The average fuel economy of new cars sold in October was a record high 24.1 miles per gallon, according to data analysed by the University of Michigan’s Transportation Research Institute (UMTRI).Improving fuel economy has been a key motif in the auto industry in recent years, as hybrid and electric vehicles gain a foothold in the market.
President Bush set a fuel economy goal of 35 mpg by 2020 by signing the Energy Independence and Security Act. In August, President Obama and the EPA raised the bar to 54.5 mpg by 2025.
Rick Newman of U.S. News & World Report argued the aggressive new standards are a boon to the auto industry and customers:
Boosting fuel economy by four or five miles per gallon might not sound earth-shattering—until you bank the savings. A 5 mpg improvement would save about $525 per year for a motorist who drives 15,000 miles annually, if gas were at $3.50 per gallon. With gas at $4 per gallon, the savings would amount to $600 per year.

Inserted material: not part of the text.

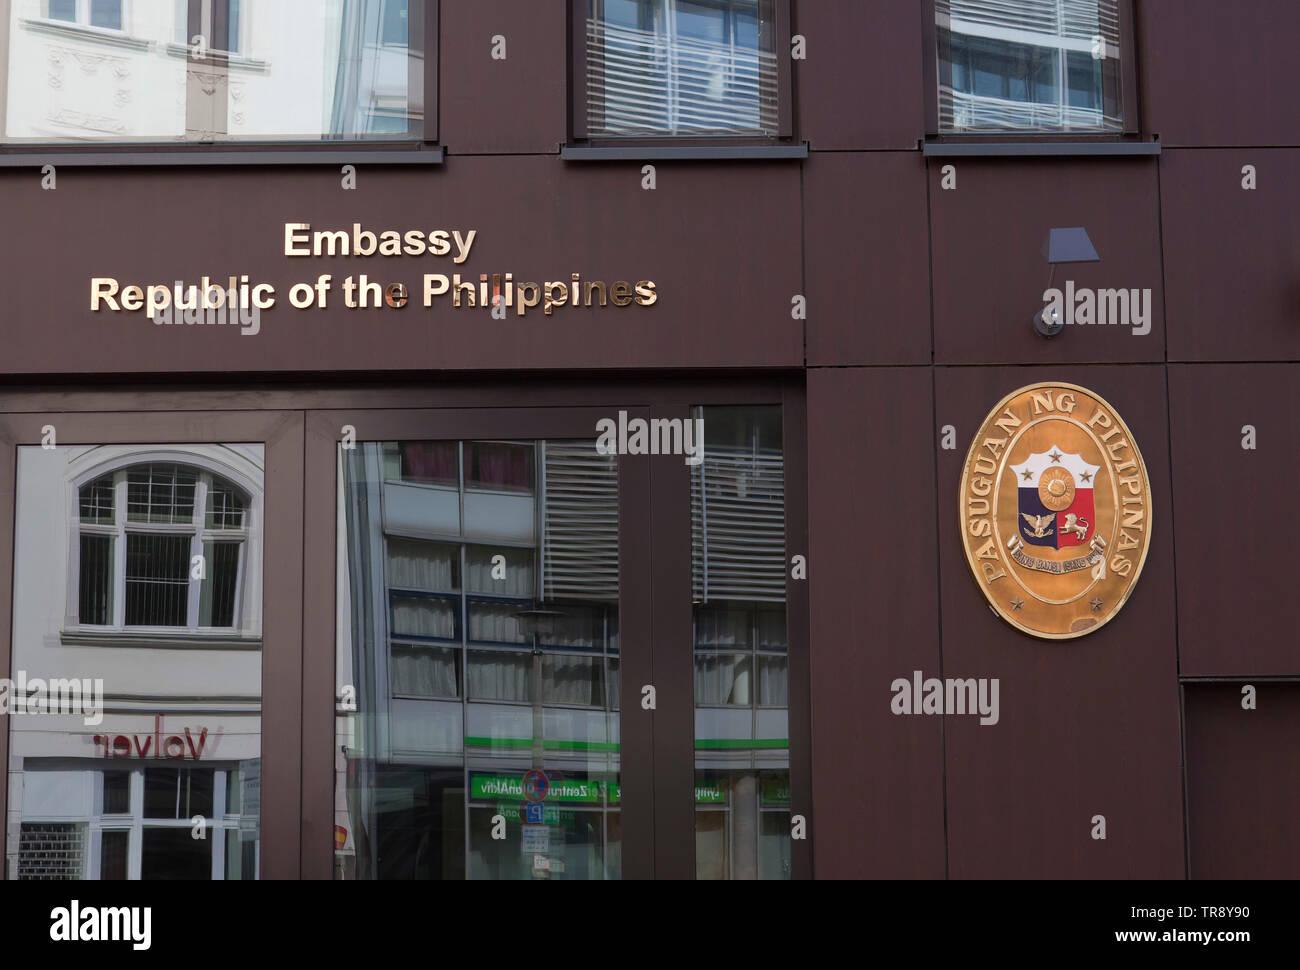 Botschaft der Republik der Philippinen, Berlin, Deutschland

Regardless of the merit of the new standards, they are having an impact on the auto industry. Cars are lighter; new transmission technologies make engines more efficient. Fuel economy is a central part of the marketing campaign of many new cars, including Nissan’s Sentra and Pathfinder, and Ford’s Fusion.
UMTRI has been tracking fuel economy since October 2007. The “average sales-weighted fuel economy” is based on fuel economy figures provided by the EPA. The data includes individual models of light-duty vehicles, including cars, vans, SUVs, and pickup trucks.